Rule12.5. Failure to Appear or Participate in Good Faith
Failure to appear at a hearing or to participate in good faith at a hearing which has been set in accordance with these Rules shall constitute a waiver of the right to appeal absent a showing of good cause. If the judge finds that further proceedings before the neutral are appropriate, the case shall be remanded to the assigned neutral. ADR Program neutrals may recommend the referring court impose appropriate sanctions as applicable in this matter and the court may consider such recommendations in making its final judgment.
Rule 12.6. Right of Appeal
A. All Appeals from an ADR arbitration hearing are de novo on the law and facts.

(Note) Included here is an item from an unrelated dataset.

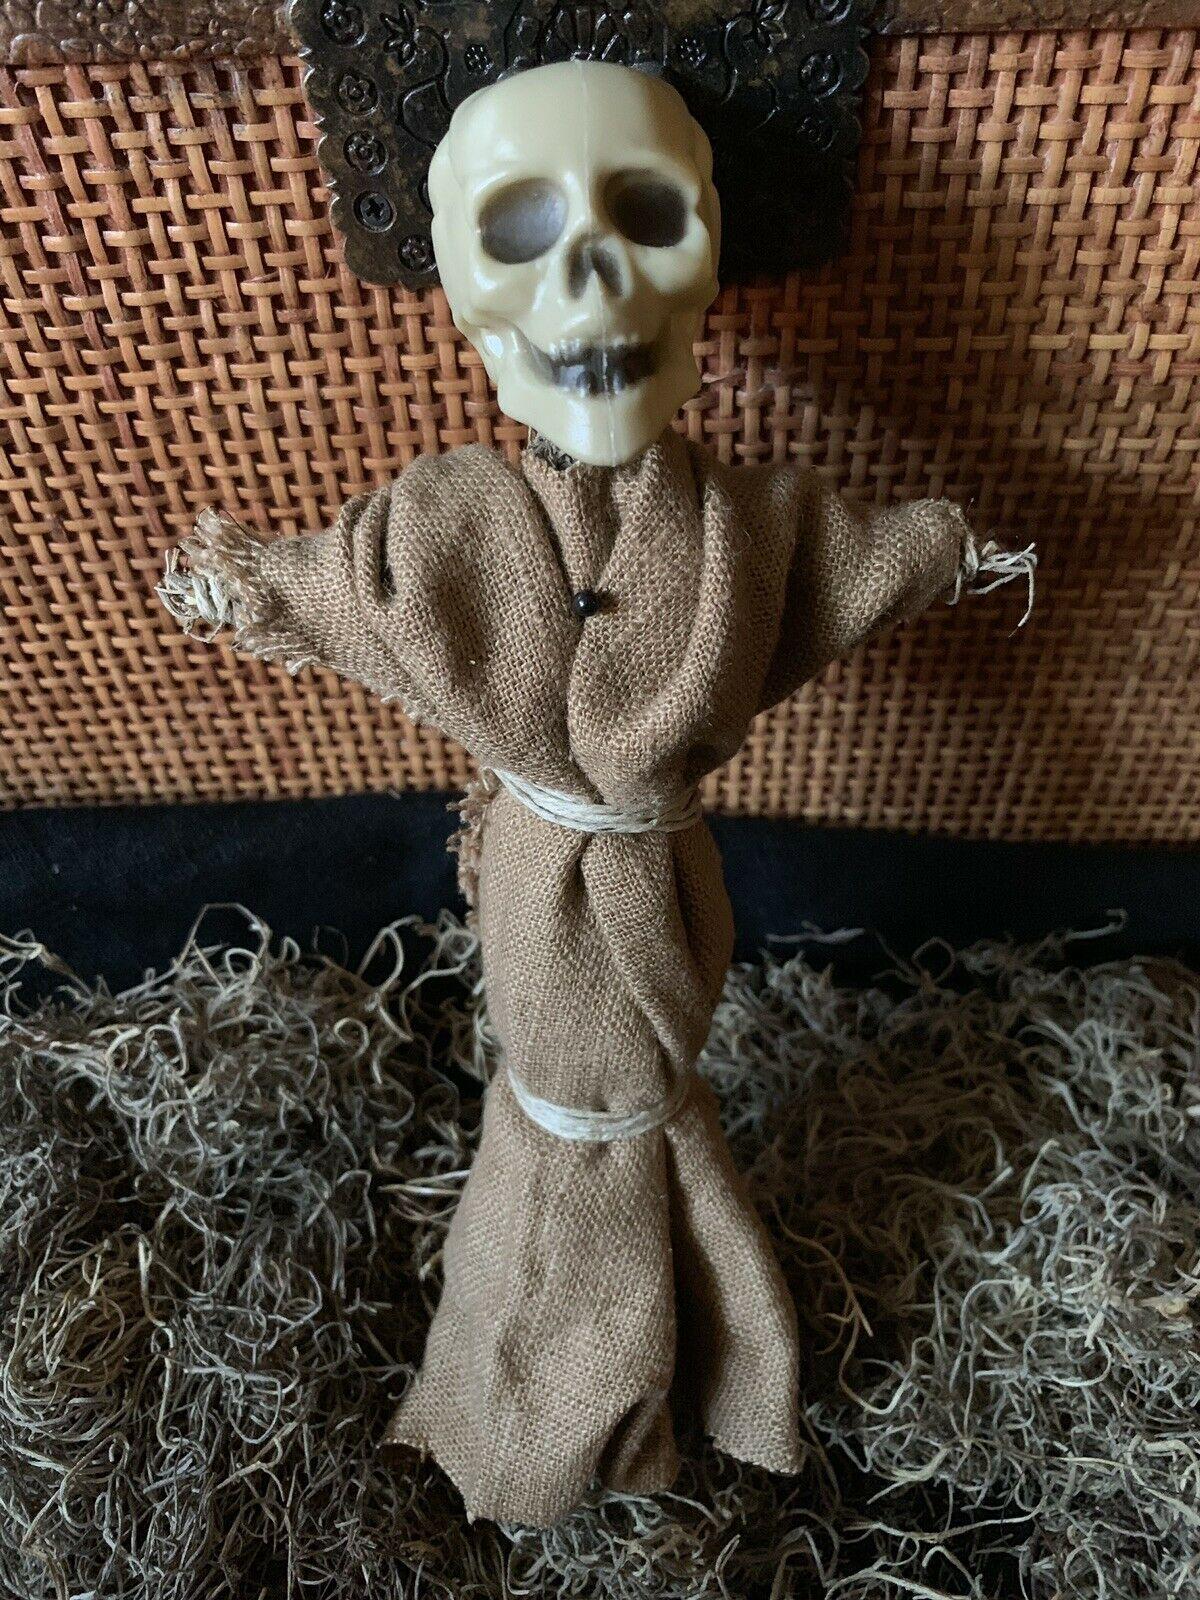 AUTHENTIC VOODOO DOLL BROWN/WITH PINS #2 | eBay | Voodoo ...

B. If no application for attorney’s fees and/or costs is timely filed as provided in Rule 12.4 of these Rules, the parties shall have twenty (20) days from the ADR date stamp on the Notice of Mailing Decision in which to appeal an ADR Program decision.
C. If a properly filed application for fees and/or costs under Rule 12.4, of these Rules is made, the appeal of an ADR Program decision shall be filed within twenty (20) days from the date of the referring court's order issued pursuant to 12.4(C).
Rule 12.7. Final Judgment
Upon expiration of the time for appeal as provided in these Rules, and if no appeal has been taken, court shall enter judgment and award court costs.
Rule 14. Oral Argument by Telephone or Video Conference Call
Oral argument or the presentation of witness testimony by telephone or video conference call may be had on motion and with prior approval of the court, provided all conversations are audible. The institution and cost of the video or telephone conference call shall be at the expense of the party requesting it, and at a date and time mutually agreeable to all parties and the court or as directed by the court.